Quote word for word from the line holding "Martex Egyptian Performance" to the last line below, including both, and omit any pictures.

▸ Dataset content:
--------------------------------------------------
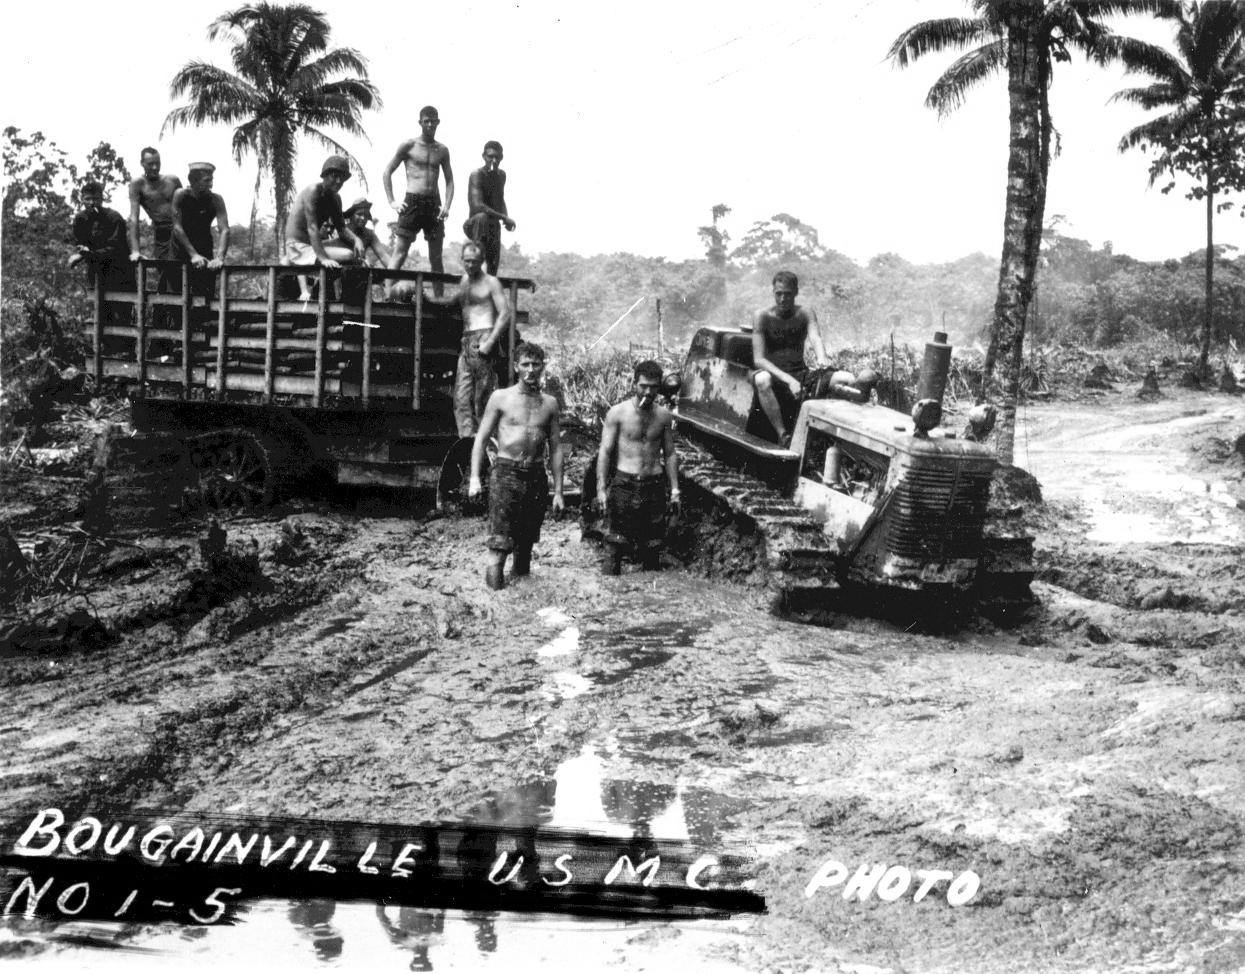 Heavy US Marine equipment, Bougainville, Solomon Islands, 1943-1944
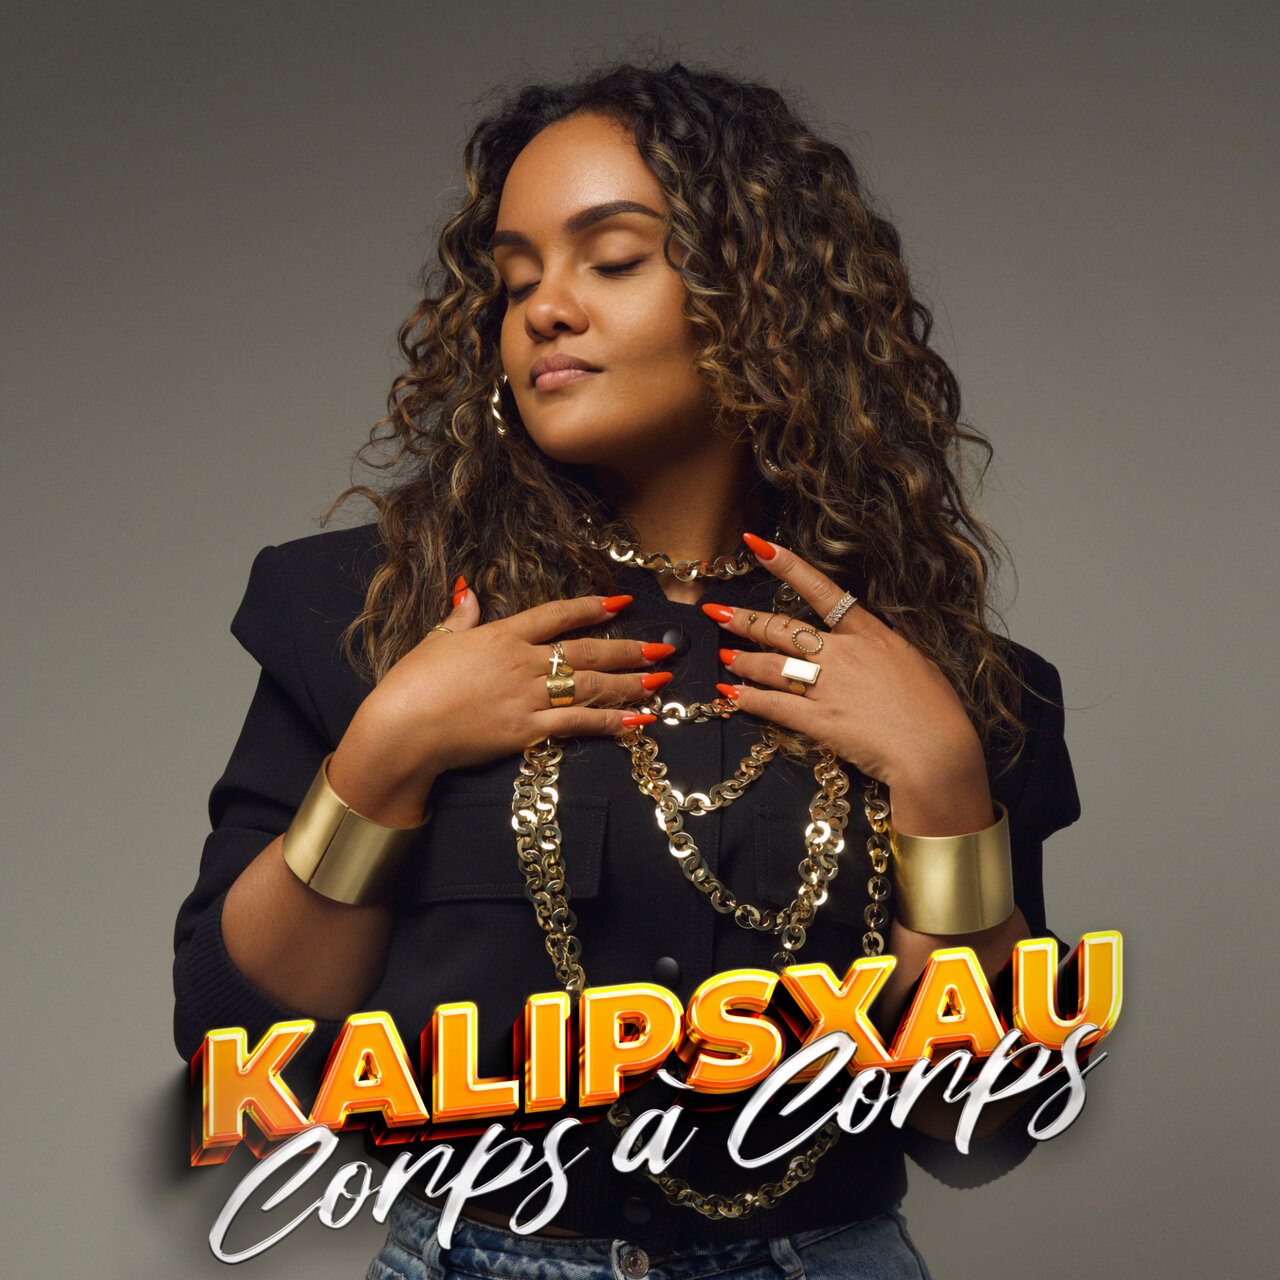 Kalipsxau - Corps À Corps (Cover)
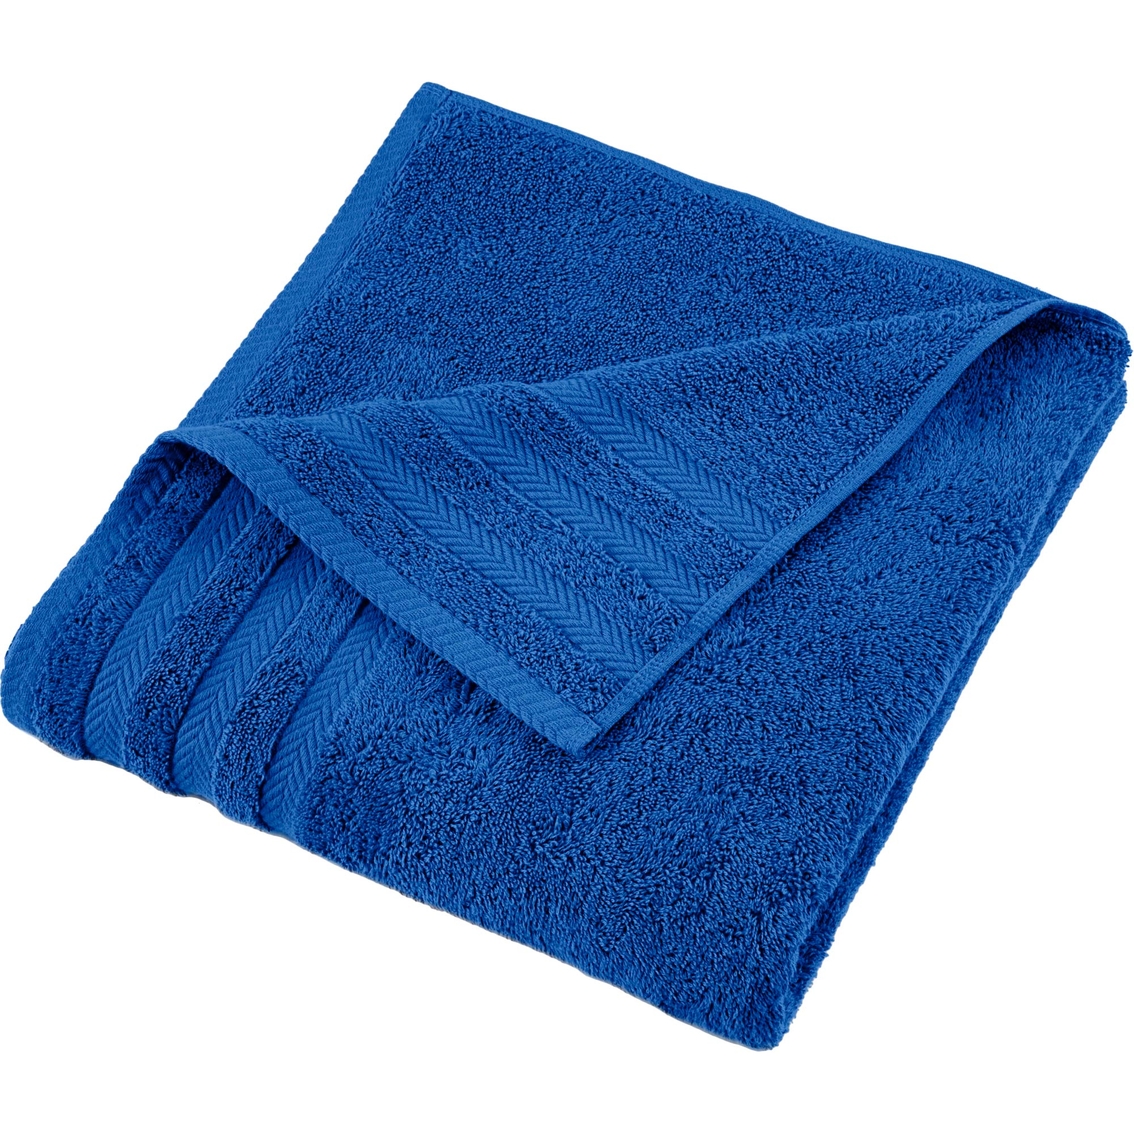 Martex Egyptian Performance Body Sheet Towel, Bath Towels, Household
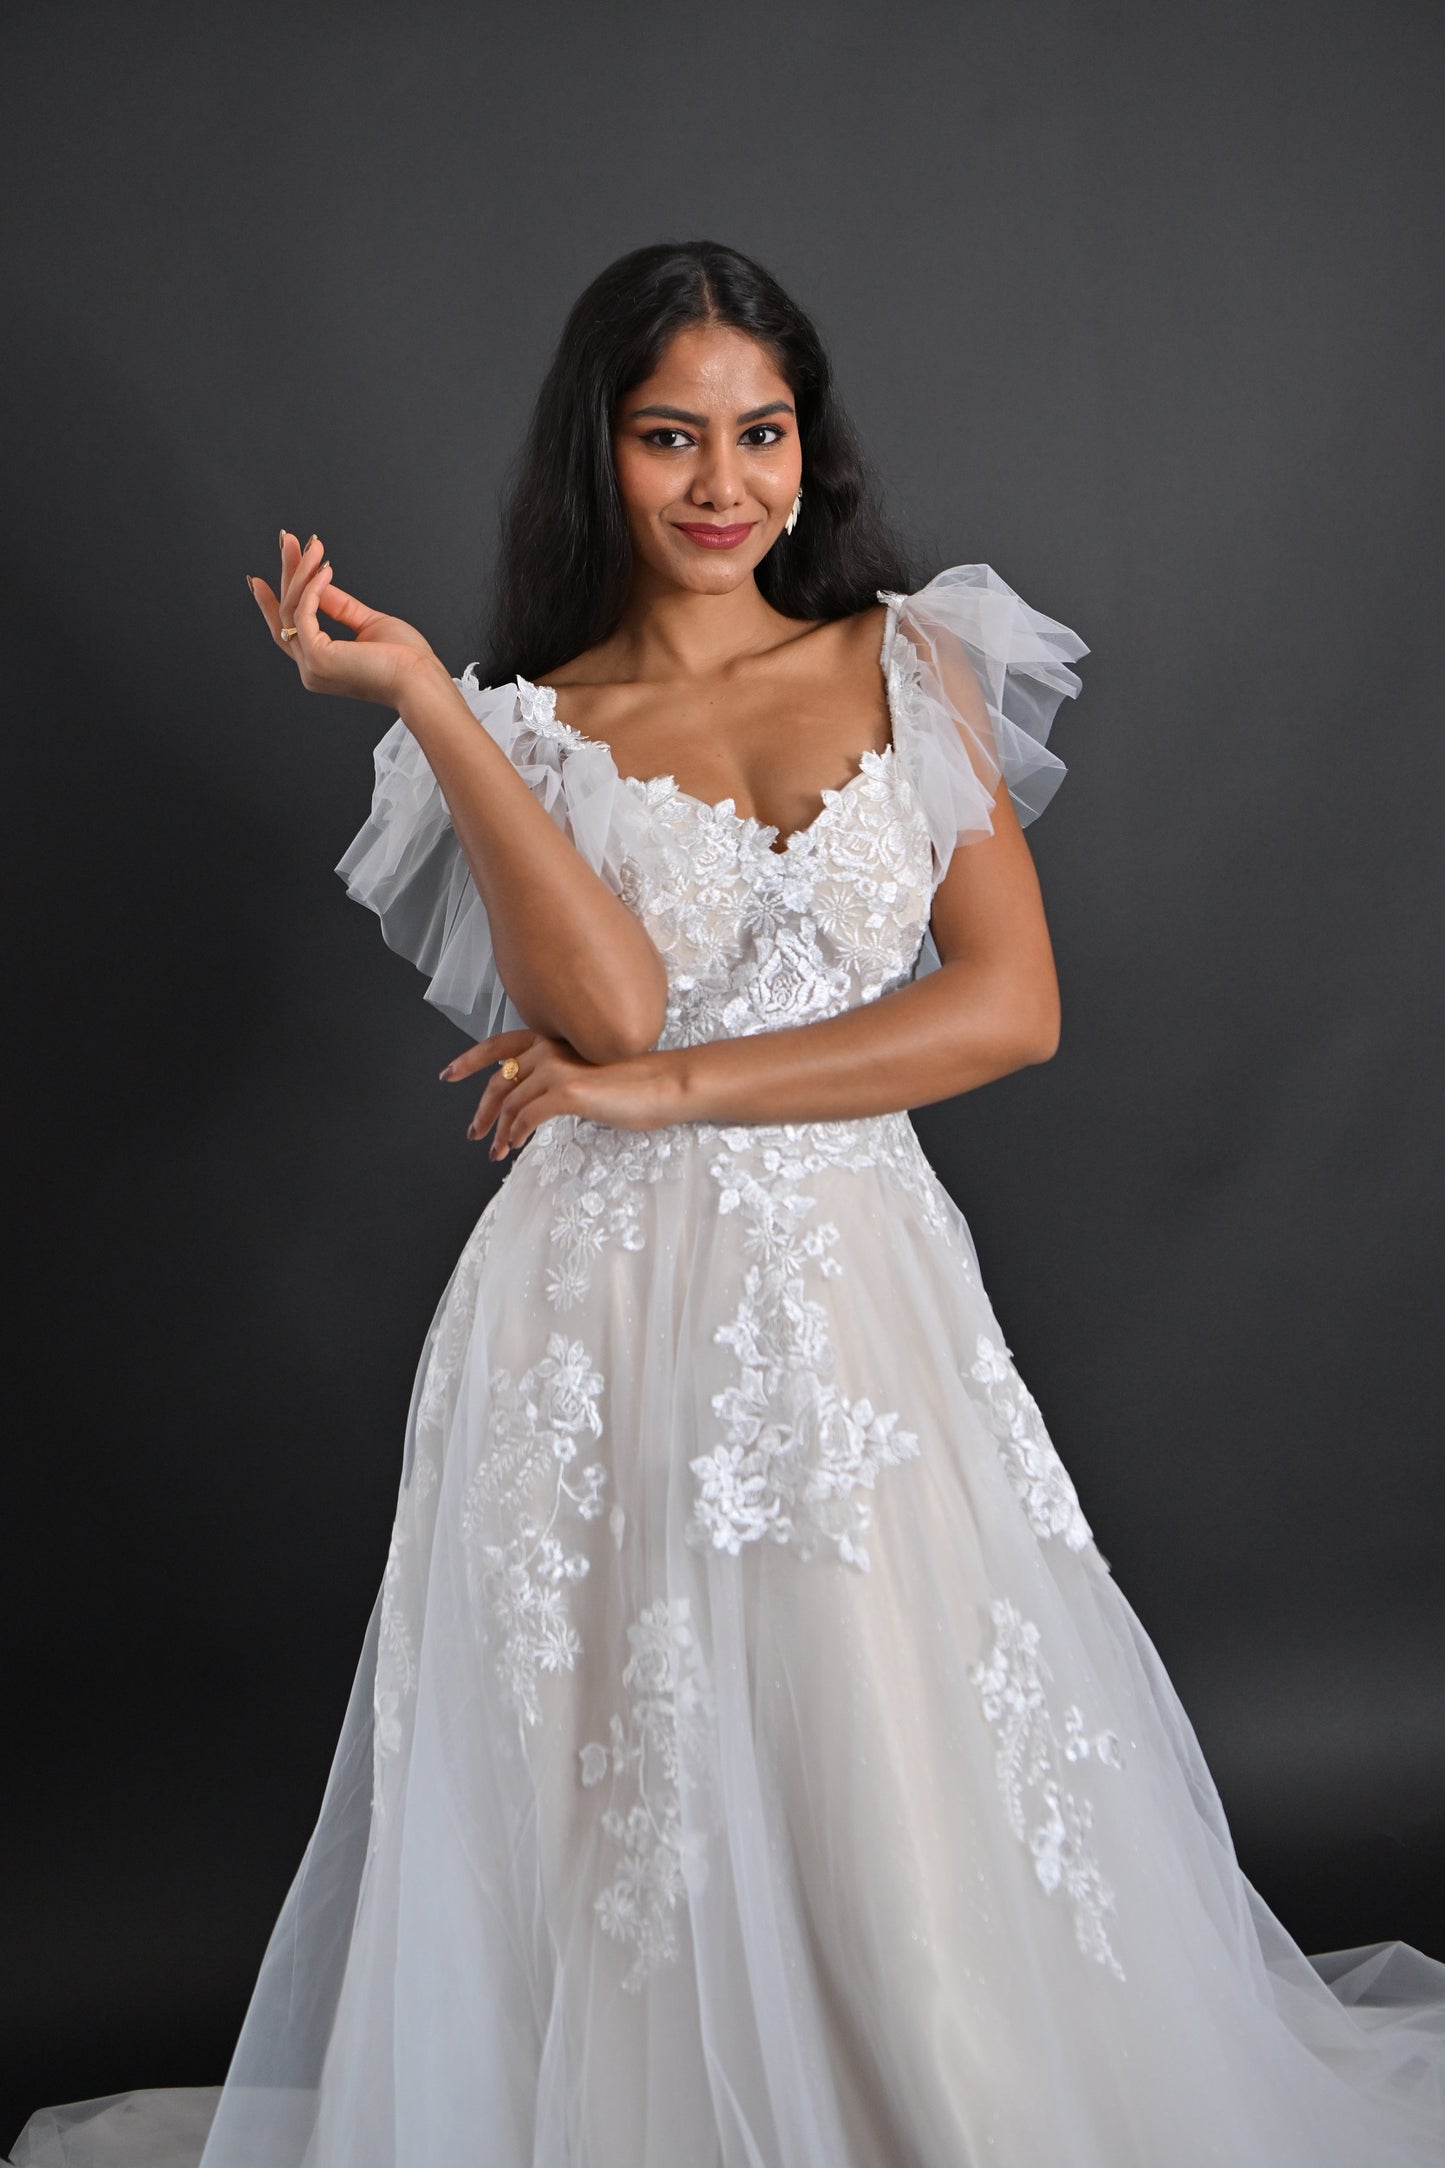 "Gardenia" White Wedding Dress With Lace Appliques
--------------------------------------------------
▸ Solution to the exercise:
 Martex Egyptian Performance Body Sheet Towel, Bath Towels, Household
 "Gardenia" White Wedding Dress With Lace Appliques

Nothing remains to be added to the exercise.